馬車郎の私邸

漫画、アニメ、ゲーム、音楽、将棋、プロレス観戦記など「趣味に係るエッセイ・感想・レビュー記事」をお届けします!ある市場関係者のWeb上の私邸

これからのプロレスリング・ノアの経営戦略について

新日本プロレスについて昨日は述べたので、今日はプロレスリング・ノアだ。ノアは直近、親会社が変わり、新たな一歩を踏み出そうとしている。マーケティング戦略を練り直す好機だ。

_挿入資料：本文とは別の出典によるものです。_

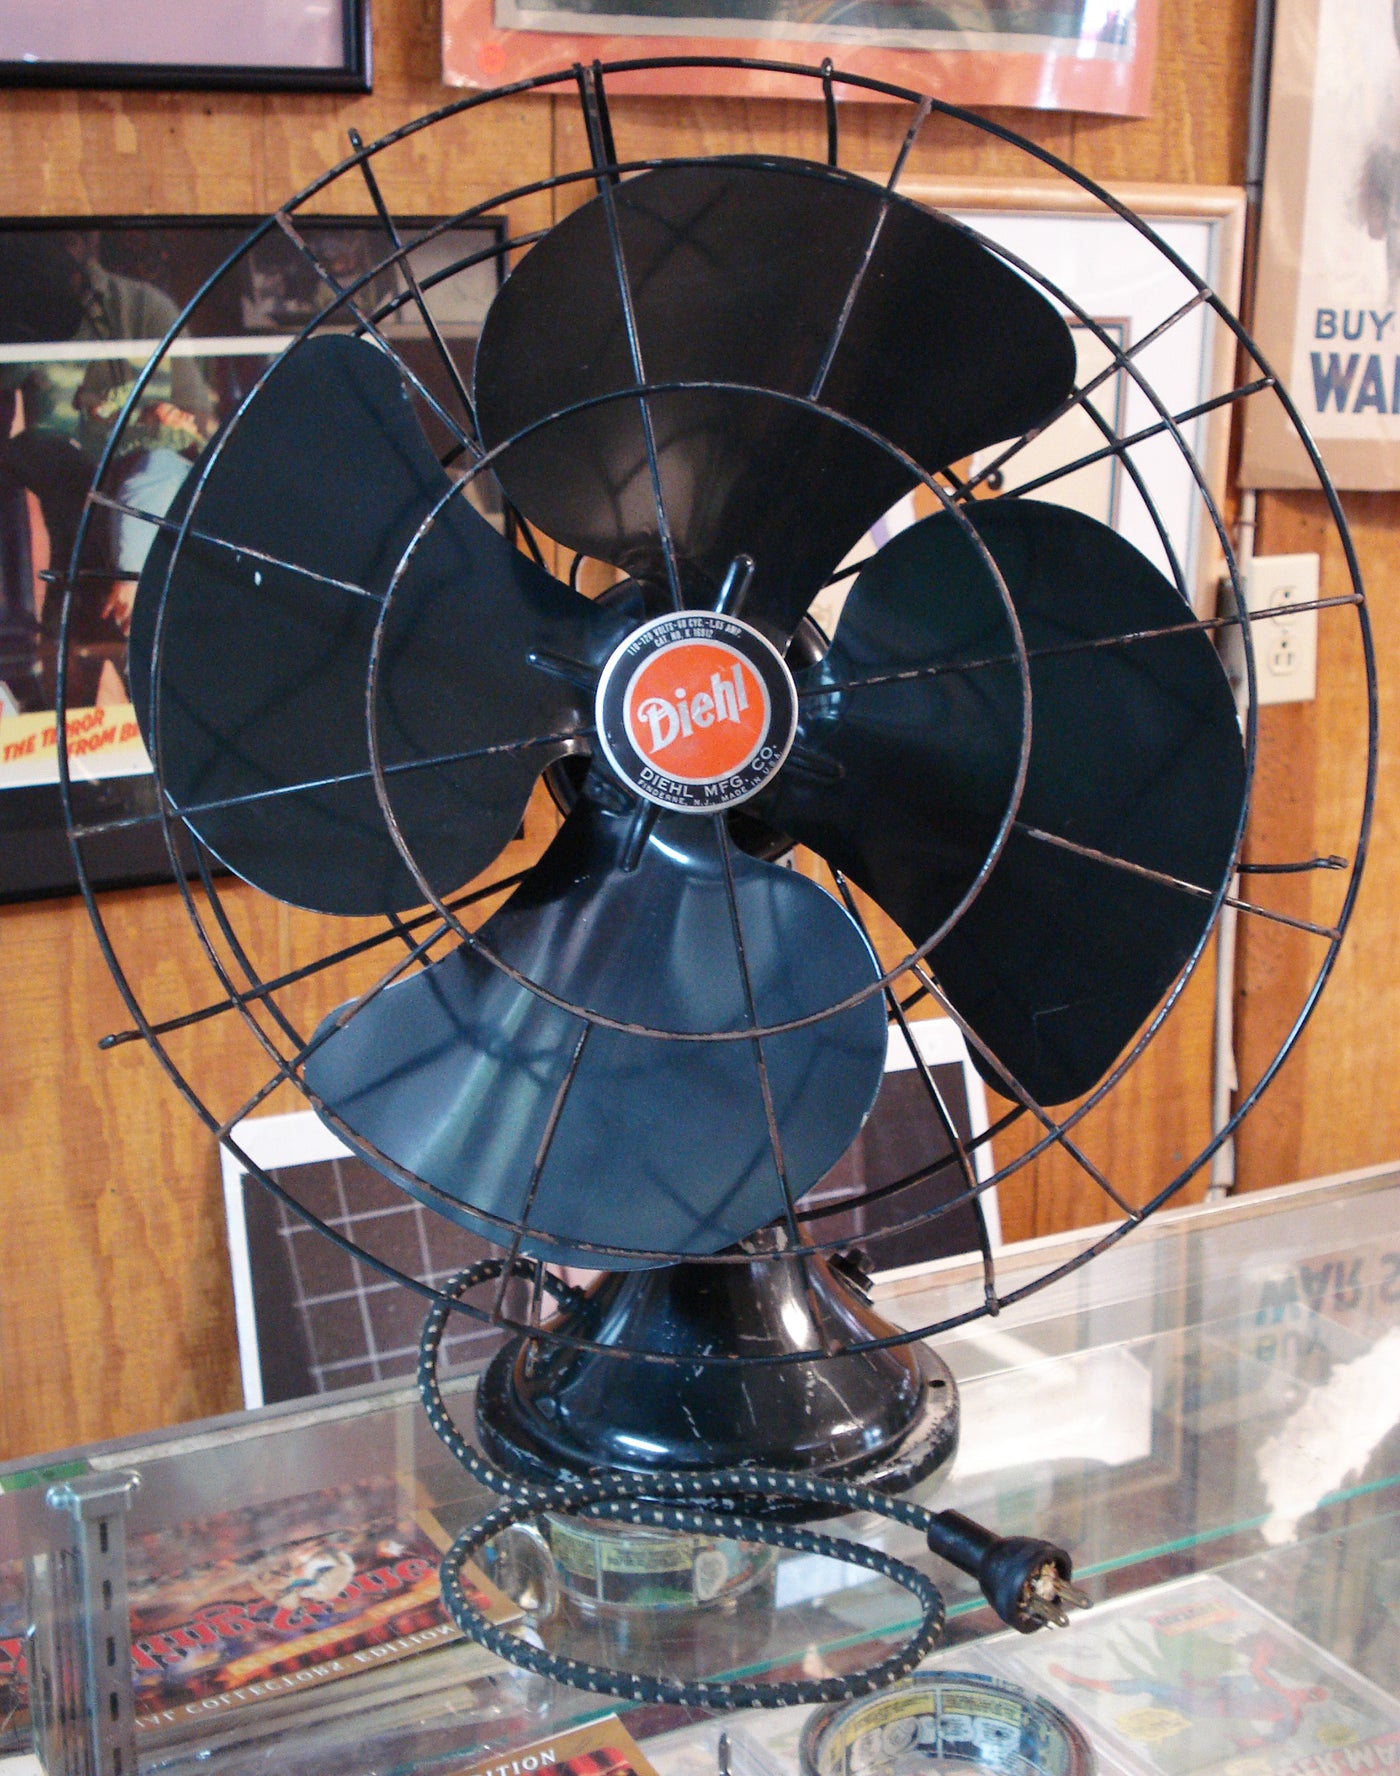 Diehl Electric Fan 1950s

日刊スポーツから経緯について、まず引用してみよう。プロレスリング・ノアの新オーナーとなった広告代理店、リデット・エンターテインメント(以下リデット社)の武田有弘常務取締役が29日、東京・有楽町の新事務所でオーナーチェンジの経緯を説明した。リデット社と、前オーナーのエストビーで株式の移行などの話がまとまったのが昨年11月20日前後。リデット社は75%の株式を取得し、ノアを子会社化した。新体制に伴い、これまで主に運営を担当していた内田雅之会長が今月いっぱいで退任。前体制で社長を務めていた不破洋介社長は留任し、運営を引き継ぐ。また、リデット社の社員のまま武田氏が、現場を取り仕切ることになる。武田氏は「当面は、3月10日の横浜文化体育館大会までに、新しくなったイメージをつくりたい。ビッグマッチも増やしていきたい。選手たちには、リング上で明確にノアの新しい顔をつくってほしい。その新しい顔にノアを引っ張ってもらいたい」と話した。所属選手たちとは、個別の面接などで新体制の説明をしているという。また「オーナーからは、明確に業界2位を目指すように言われている。そのために、何をやればいいか考えていきたい」と話した。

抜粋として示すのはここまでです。